As I have already elaborated before that procrastination is a deceptive mental process, also because the ‘distracting tasks’ are part of your day to day work cycle, but are not the most pressing tasks at hand. What is distraction? Paul Graham has defined distraction as, “desirable at the wrong time”. We are hard-wired to procrastinate. Therefore, when we want to be distracted, we will be. Procrastination nourishes on distractions. So shut off the all possible addictive trappings (routine tasks, internet, mobile, music system, TV, friends, leisure reading magazines or books, etc.) of distractions when you are addressing a demanding task. You need to literally starve it of distractions. First learn to respect your productive time and then (once you have effectuated predetermined tasks) only indulge in such distractions.
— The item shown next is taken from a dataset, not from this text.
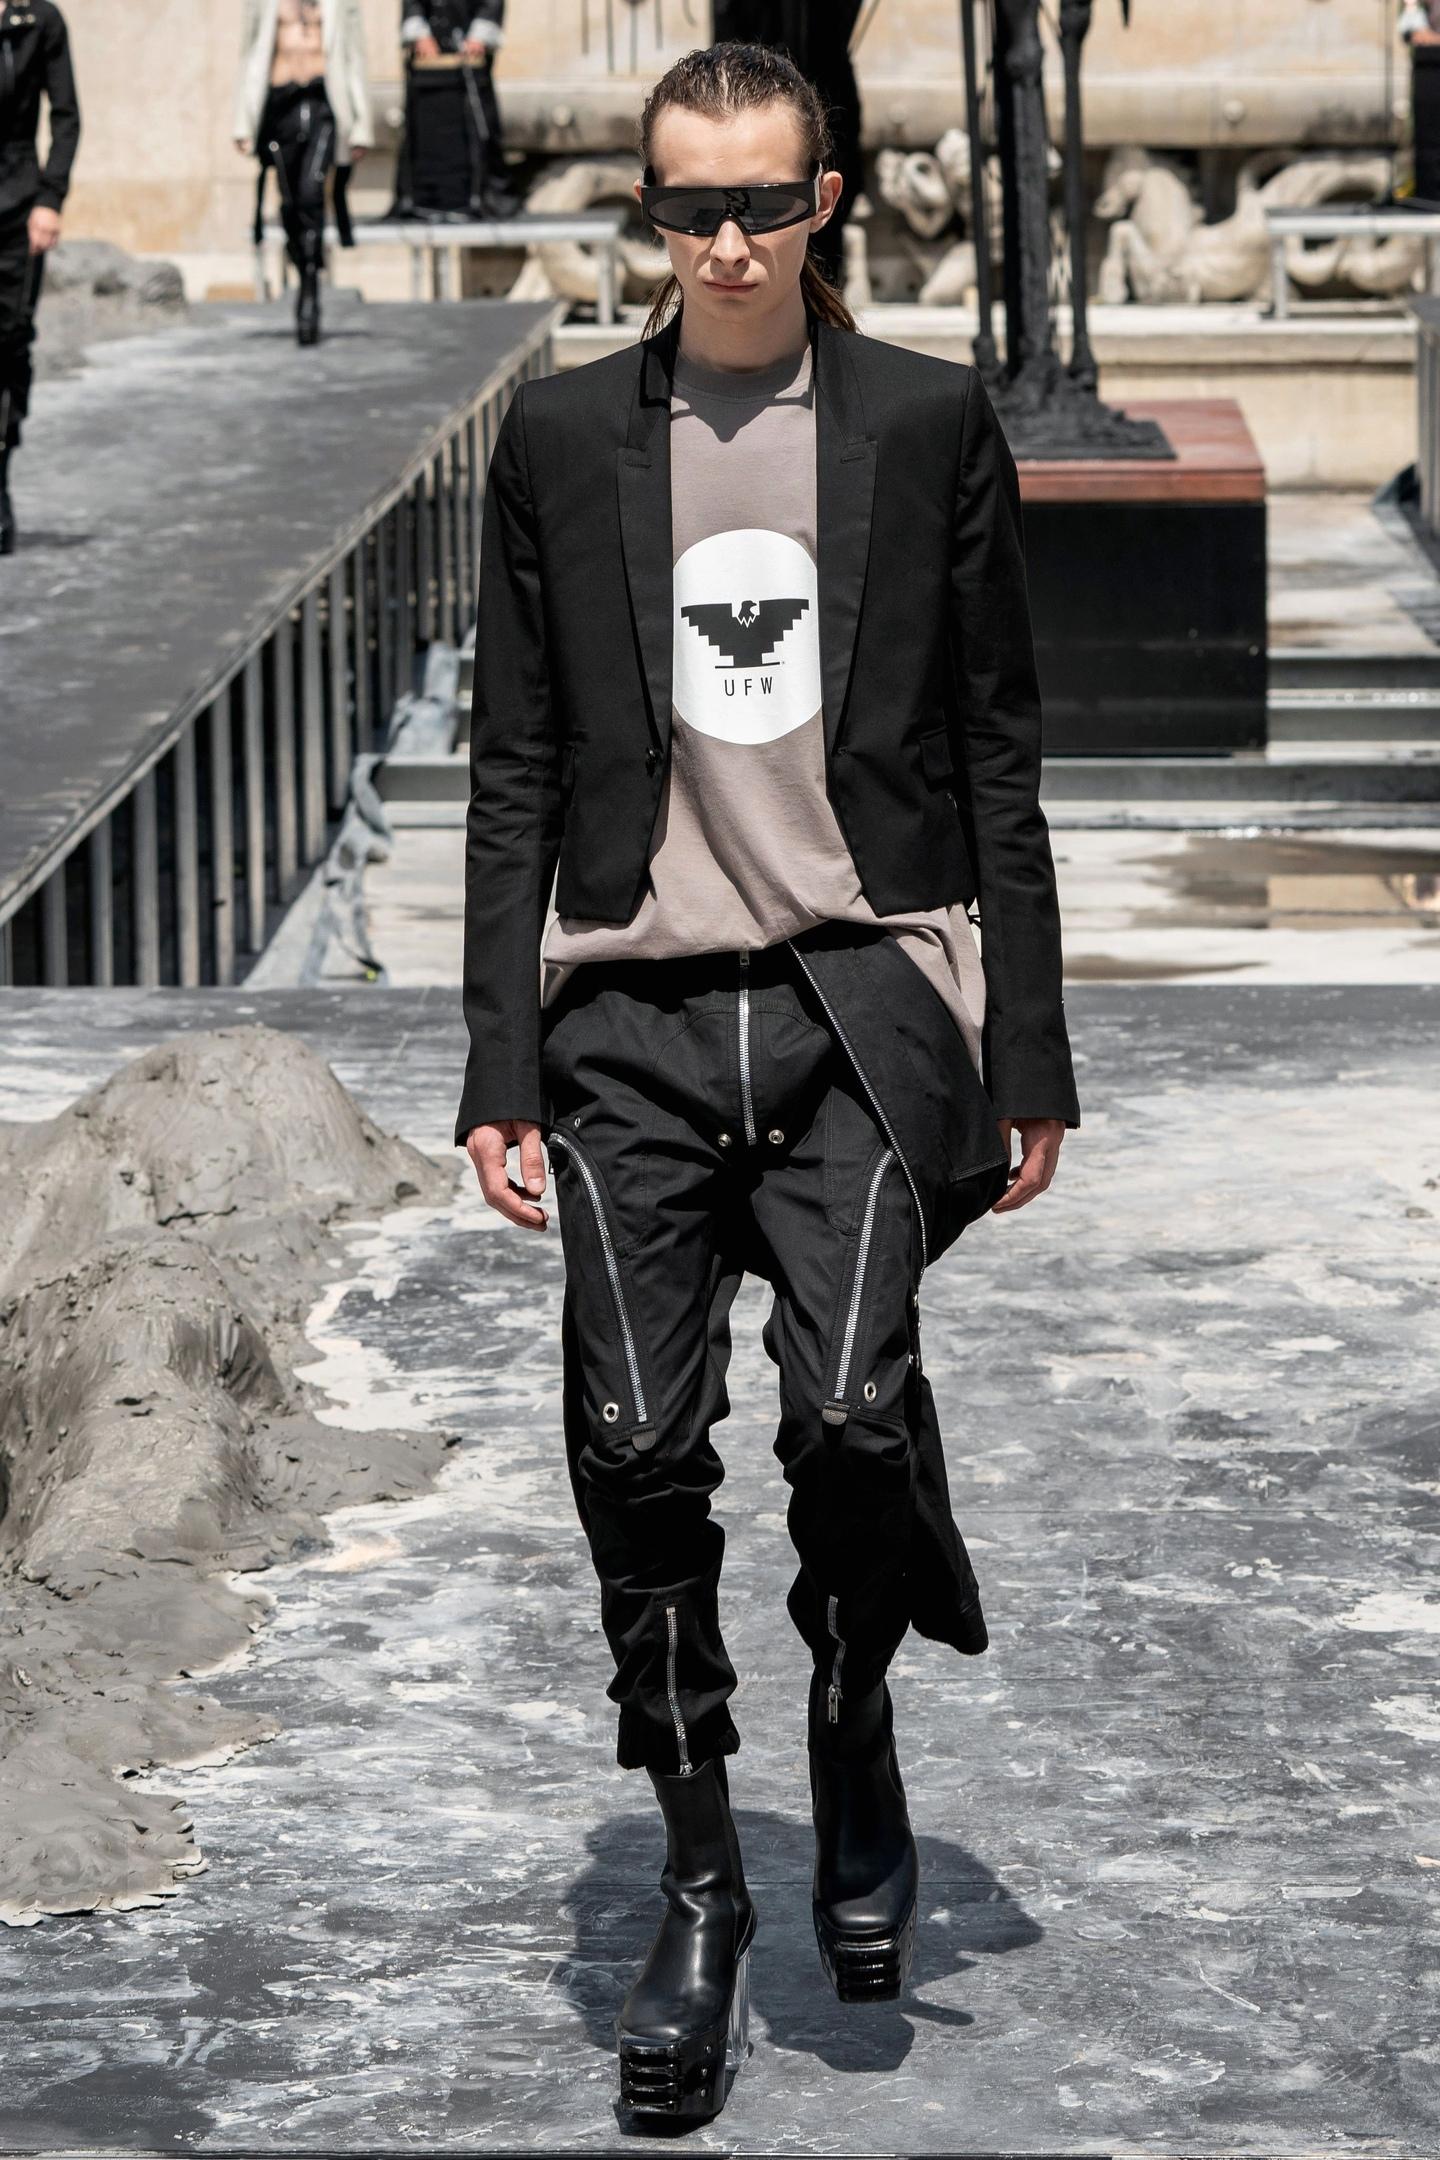 Rick Owens Spring/Summer 2020 Menswear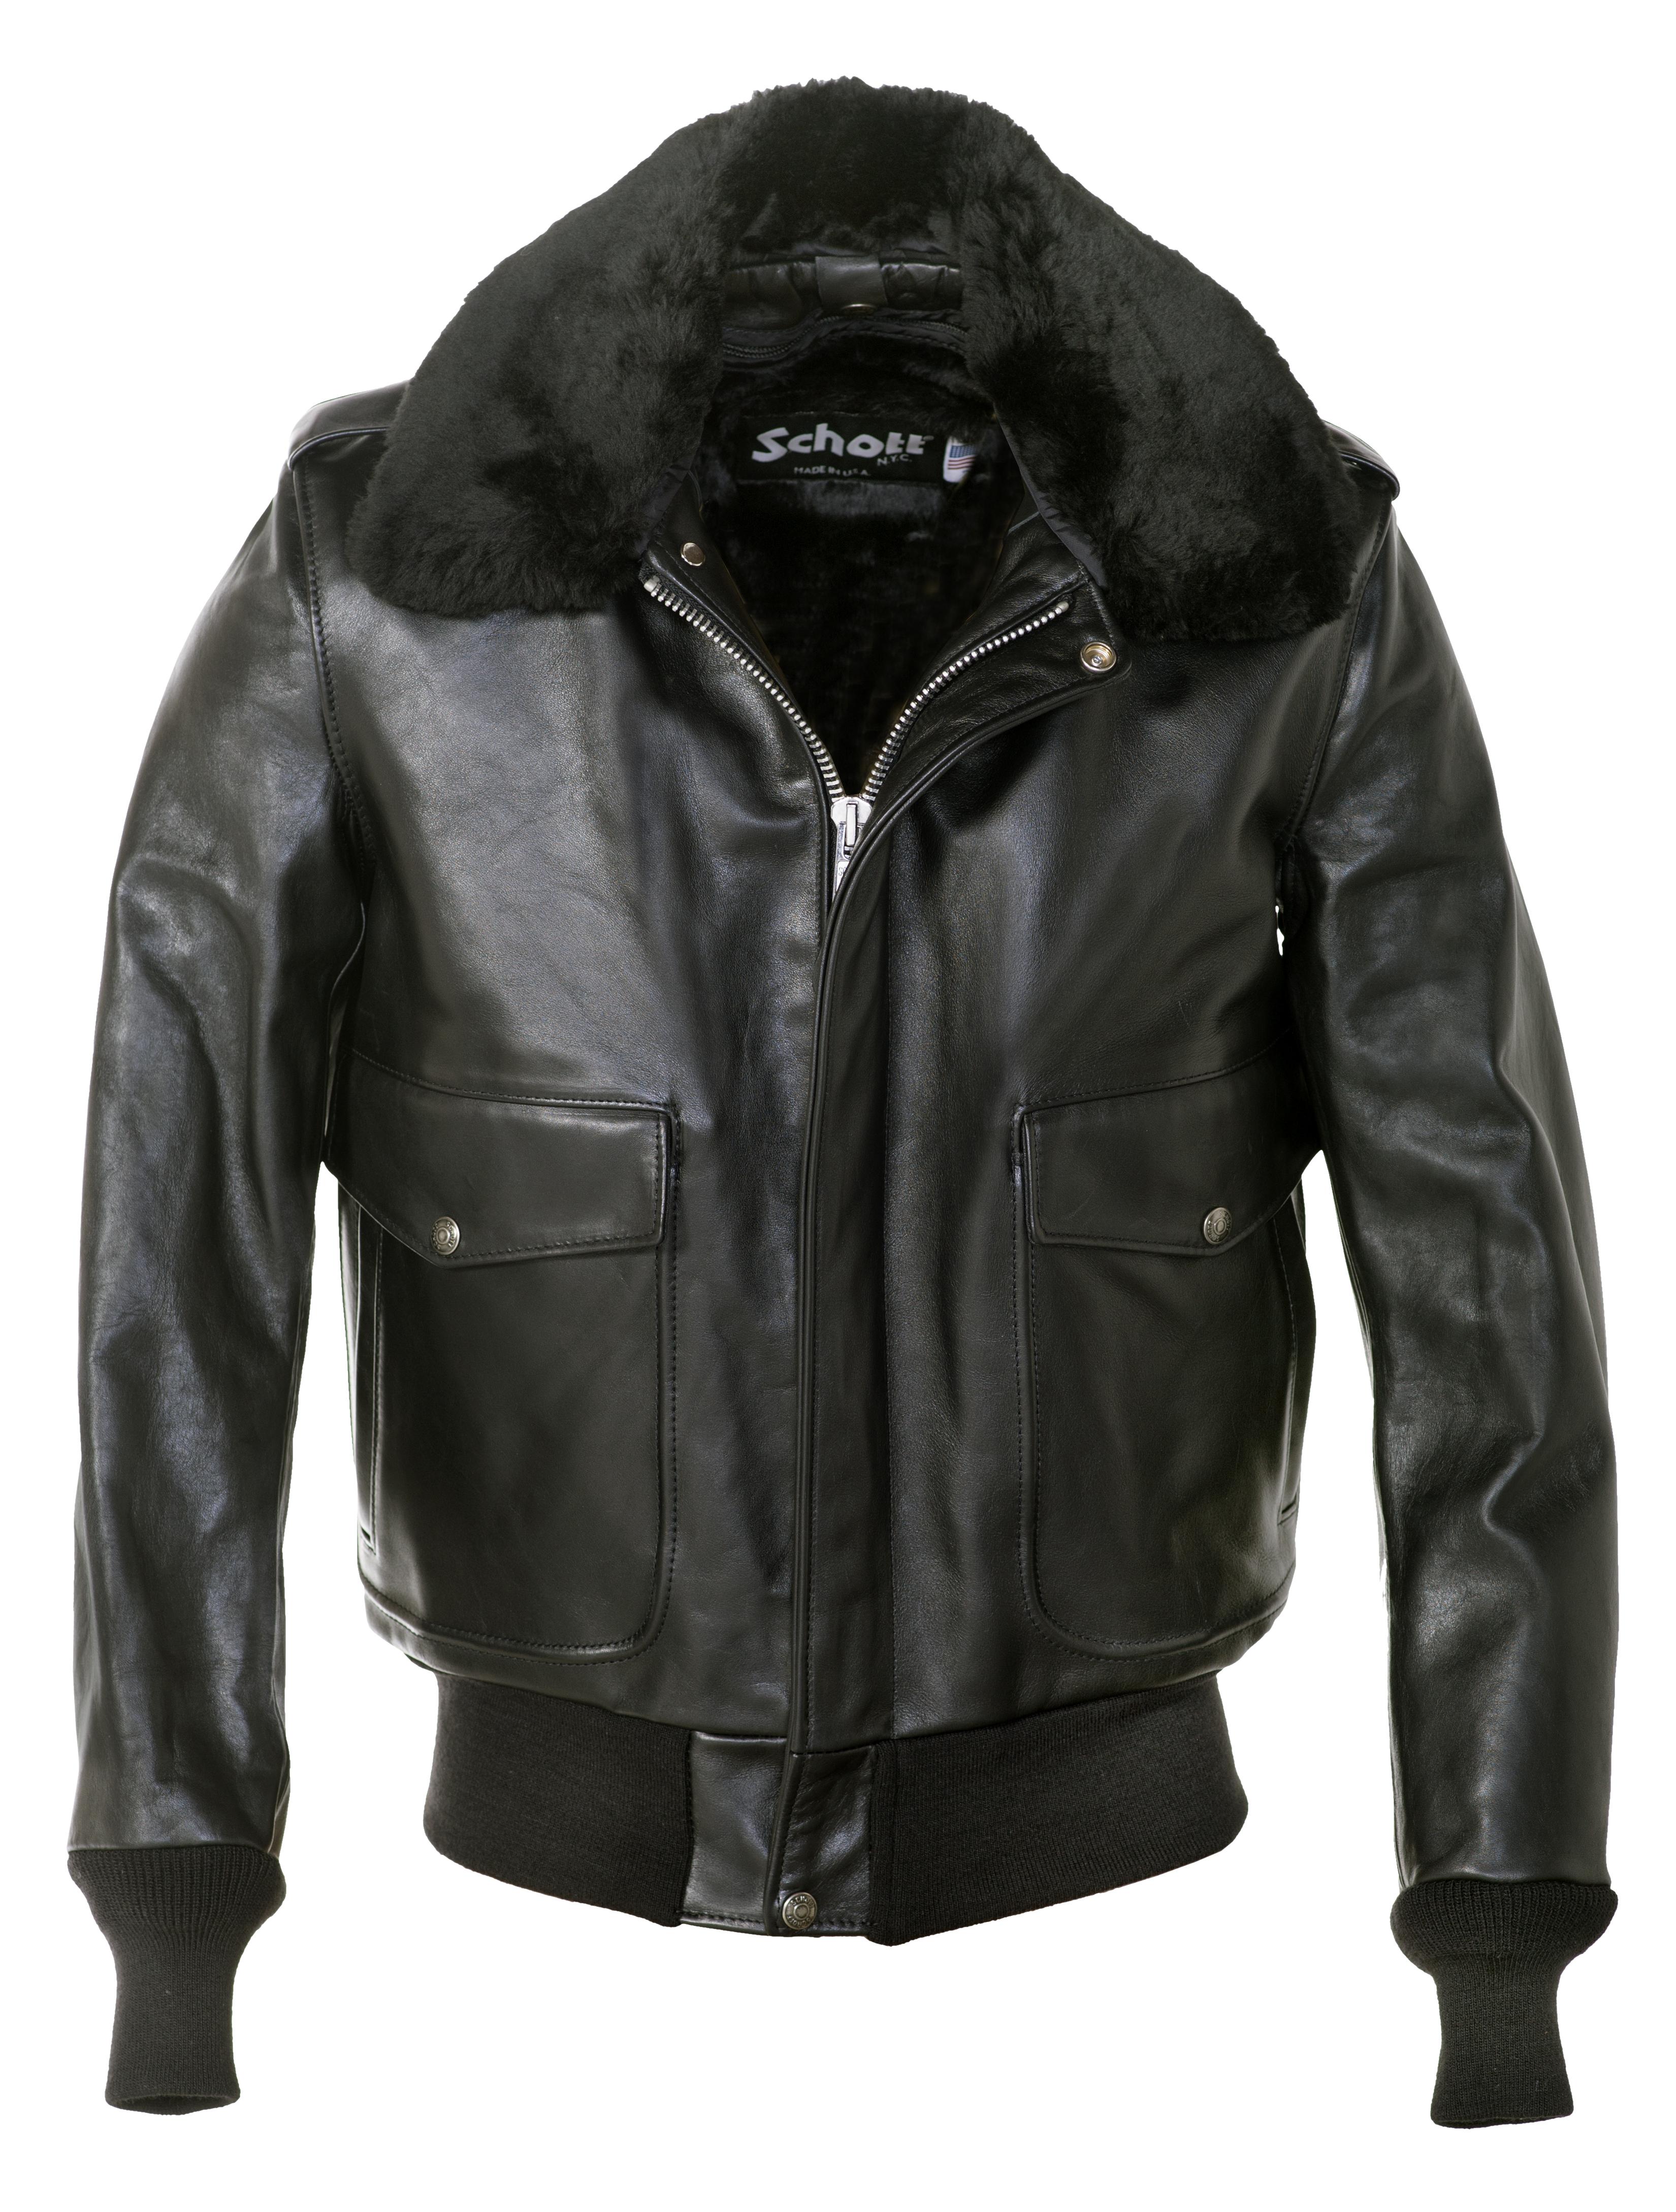 Schott N.Y.C. 184SM A-2 Naked Cowhide Leather Flight Jacket

In my opinion, procrastination has a lot to do with distraction than anything else. The promising way of maintaining good focus on task is by inhibiting the distractions from coming into focus. Sounds simple… difficult in practice, but it works

I don’t believe in making the choice of ‘not to do it now’. A decision is a choice of action in indecision. There will be an unceasing struggle between our emotional impulse and our reasoning. There should be equipoise between intellect and your mind. A choice between procrastination and action.When we are drawn by a dream, action happens naturally. It is only when we misplace the purpose of our being that we surrender to procrastination.

So next time you contemplate procrastinating, think twice!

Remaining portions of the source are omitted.